Tracks that are for visual display or audio playback have additionally a user-facing label and a language.
 
Tracks that are for visual display have an additional boolean indicating if they include sound effects and speaker identification (intended for the deaf, hard of hearing, or people with sound muted) or not (i.e. translations intended for people with audio enabled but who cannot understand the language, or karaoke lyrics).
 
Each timed track associated with a media resource, like the media resource itself, can have multiple sources.
 
Each source for a timed track has:
* URL
* type (if there are multiple sources)
* media
 
The media resource can also imply certain timed tracks based on data in the media resource.
 
The script can also add "virtual" timed tracks dynamically.
 
==== Markup ====
 
<pre>
<track src="" enabled="true" kind="" label="" lang=""></track>
<track enabled="true" kind="" label="" lang="">
  <source src="" type="" media="">
  ...
</track>
</pre>
 
enabled="" is true or false.
 
Values for kind="":
 
* subtitles (includes karaoke) - default
* captions
* description (text audio descriptions)
* chapters
* lyrics
* metadata
 
Questions:
 
* Should we use lang="", hreflang="", srclang=""?
 
* Is there a better solution to enabled=false for disabling tracks by default? Do we ever need to disable a track that might be enabled by default?
 
=== Visual titles ===
 
==== File format ====
 
Based on studying a broad range of [[Timed track formats]], there does not appear to be a format that is easy to read and write, supports automatic positioning to avoid overlapping titles while still supporting some level of positioning control, supports temporally-overlapping titles, uses video-independent positioning instead of pixel-based (for visual) or frame-based (for temporal) positioning, and supports some inline structure for ruby, italics, bold, and karaoke.
 
The two formats that are the cleanest in terms of existing syntax, that are a subset of the above feature set, and that can be extended relatively cleanly in a backwards-compatible way are the FAB subtitler format and the SRT format. The former, however, lacks much documentation. The latter appears to be more well-known.
 
Proposal: http://damowmow.com/temp/srtspec
 
==== CSS extensions ====
 
Cues are rendered as block boxes with inline boxes. Cues have a voice (identified by a keyword or a number). Cues can have a part that is before the current time and a part after the current time.
 
The block box is matched by the pseudo-element ::cue on the media element (<video>).
Only visible cues are matched (those on tracks enabled and shown by the UA whose start/end time range contains the current time).

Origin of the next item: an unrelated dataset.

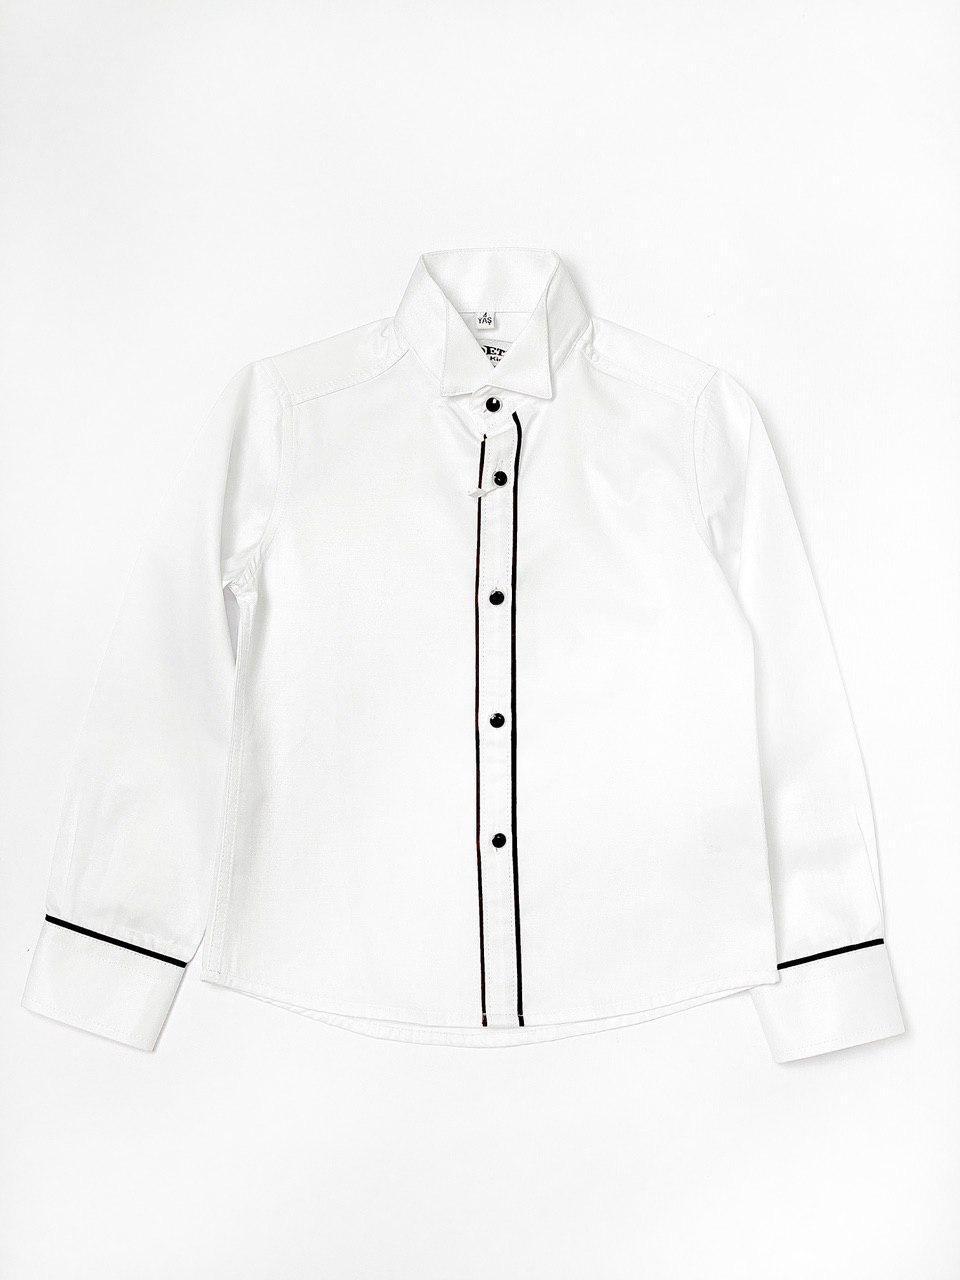 Рубашка для мальчика, размеры 1г.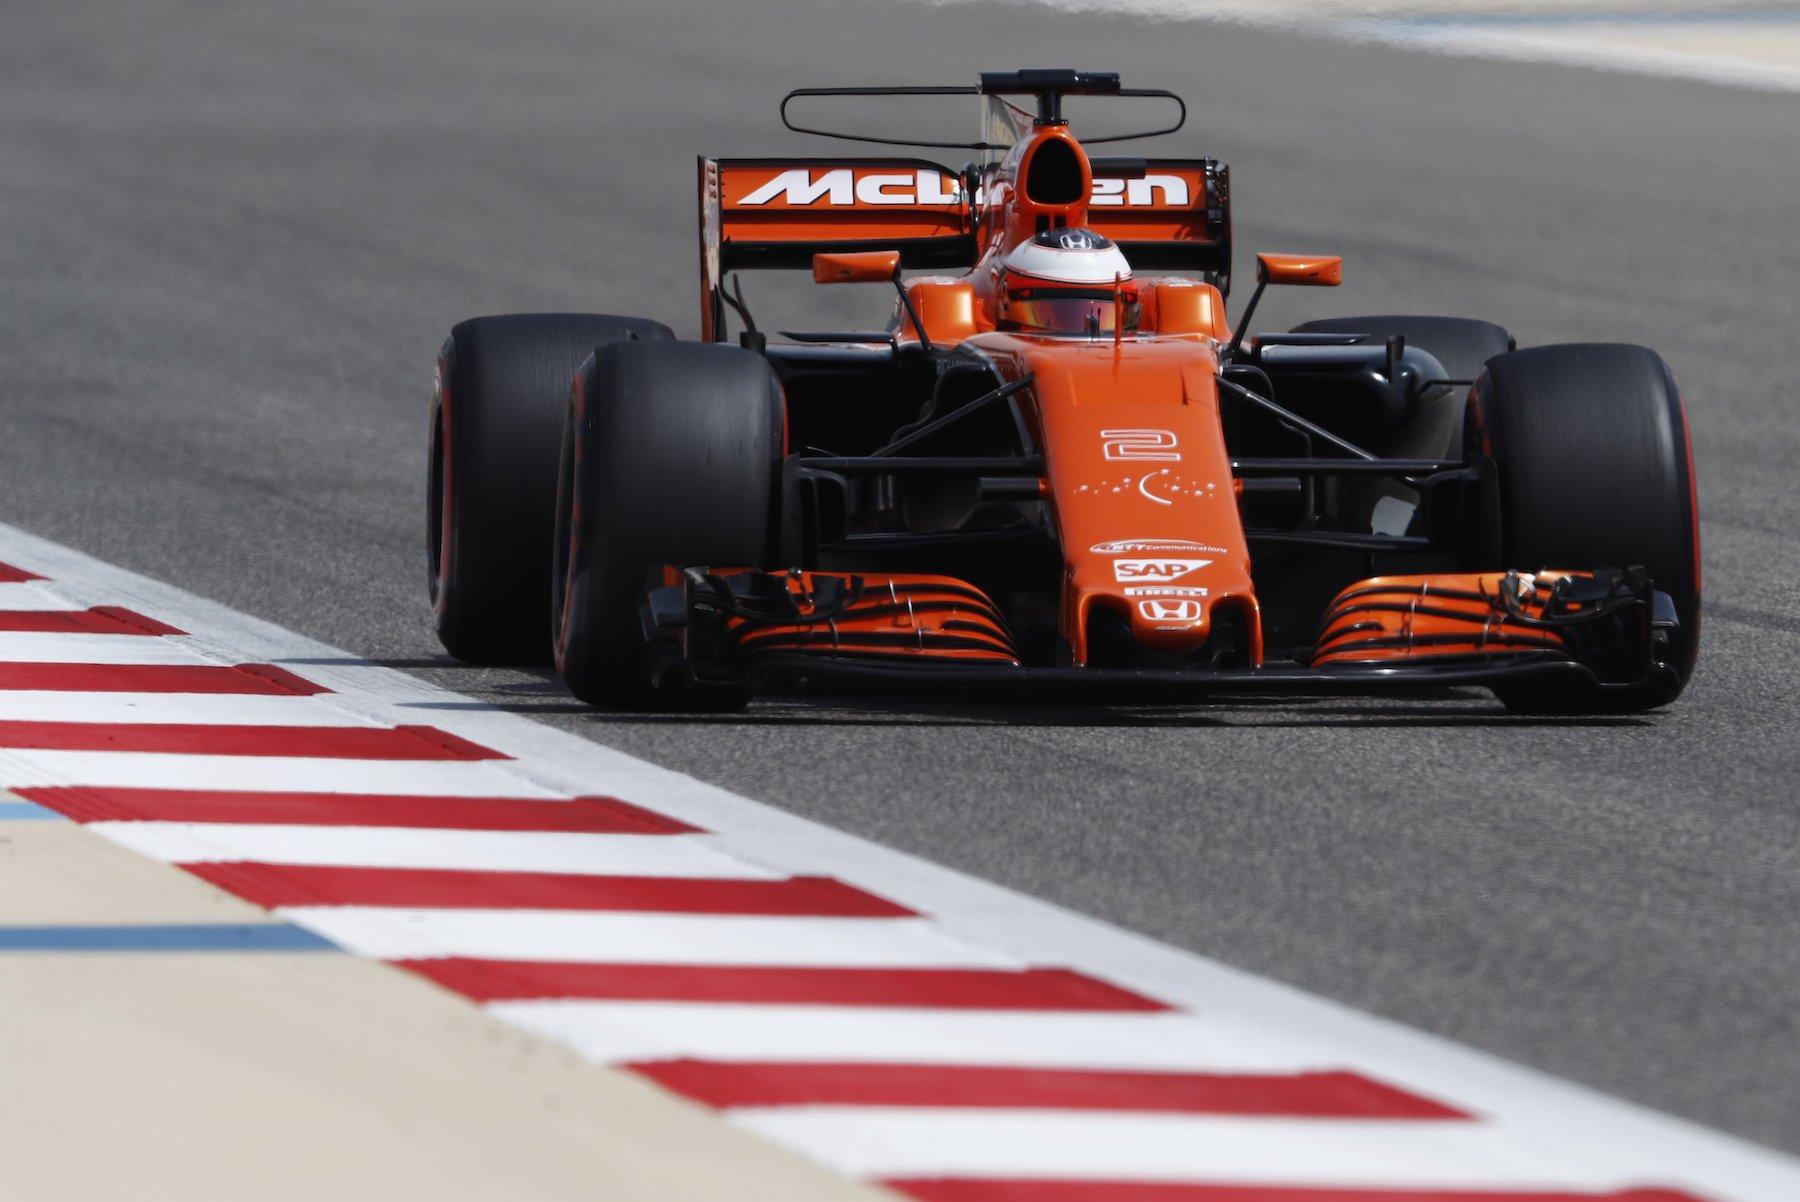 2017 Stoffel Vandoorne | McLaren MCL32 | 2017 Bahrain test 1 copy.jpg

The ::cue pseudo takes an optional argument that is the voice of cues that it is to match. The keyword "*", matching all voices, is assumed if the argument is absent.
 
video::cue { color: white; background: rgba(0,0,0,0.5); font: 900 sans-serif; text-transform: uppercase; }
video::cue(narrator) { color: white; font-style: italics; }
video::cue(1) { color: yellow; }
video::cue(2) { color: lime; }
 
The ::cue pseudo when given _two_ arguments matches all innermost inline boxes in the cue of the element that match its second argument. Its first argument is a voice; the keyword "*" matches all voices. Its second argument is one of "i", "b", "ruby", "rt" (matches inline boxes immediately inside one of those annotations), "before", "after" (fragments before/after the current time).
 
video::cue(*, i) { font-style: italic; }
video::cue(narrator, i) { font-style: bold; }
video::cue(*, b) { font-size: larger; }
 
[This isn't great. Any better ideas?]
 
=== DOM API ===
 
HTMLMediaElement
  attribute MediaTrack[] tracks;
  MutableMediaTrack addTrack(label, kind, language);
 
MediaTrack
  readonly attribute DOMString label;
  readonly attribute DOMString kind; // subtitles, captions, descriptions, chapters, lyrics, metadata
  readonly attribute DOMString language;
  readonly attribute unsigned short mode;
    const unsigned short TRACK_OFF = 0; // not firing events, may not even be downloaded yet
    const unsigned short TRACK_HIDDEN = 1; // firing events but otherwise ignored by UA - intended for scripts
    const unsigned short TRACK_SHOWING = 2; // browser is handling it
  readonly attribute MediaCue[] cues; // sorted in startTime order
  readonly attribute MediaCue[] activeCues; // sorted in endTime order?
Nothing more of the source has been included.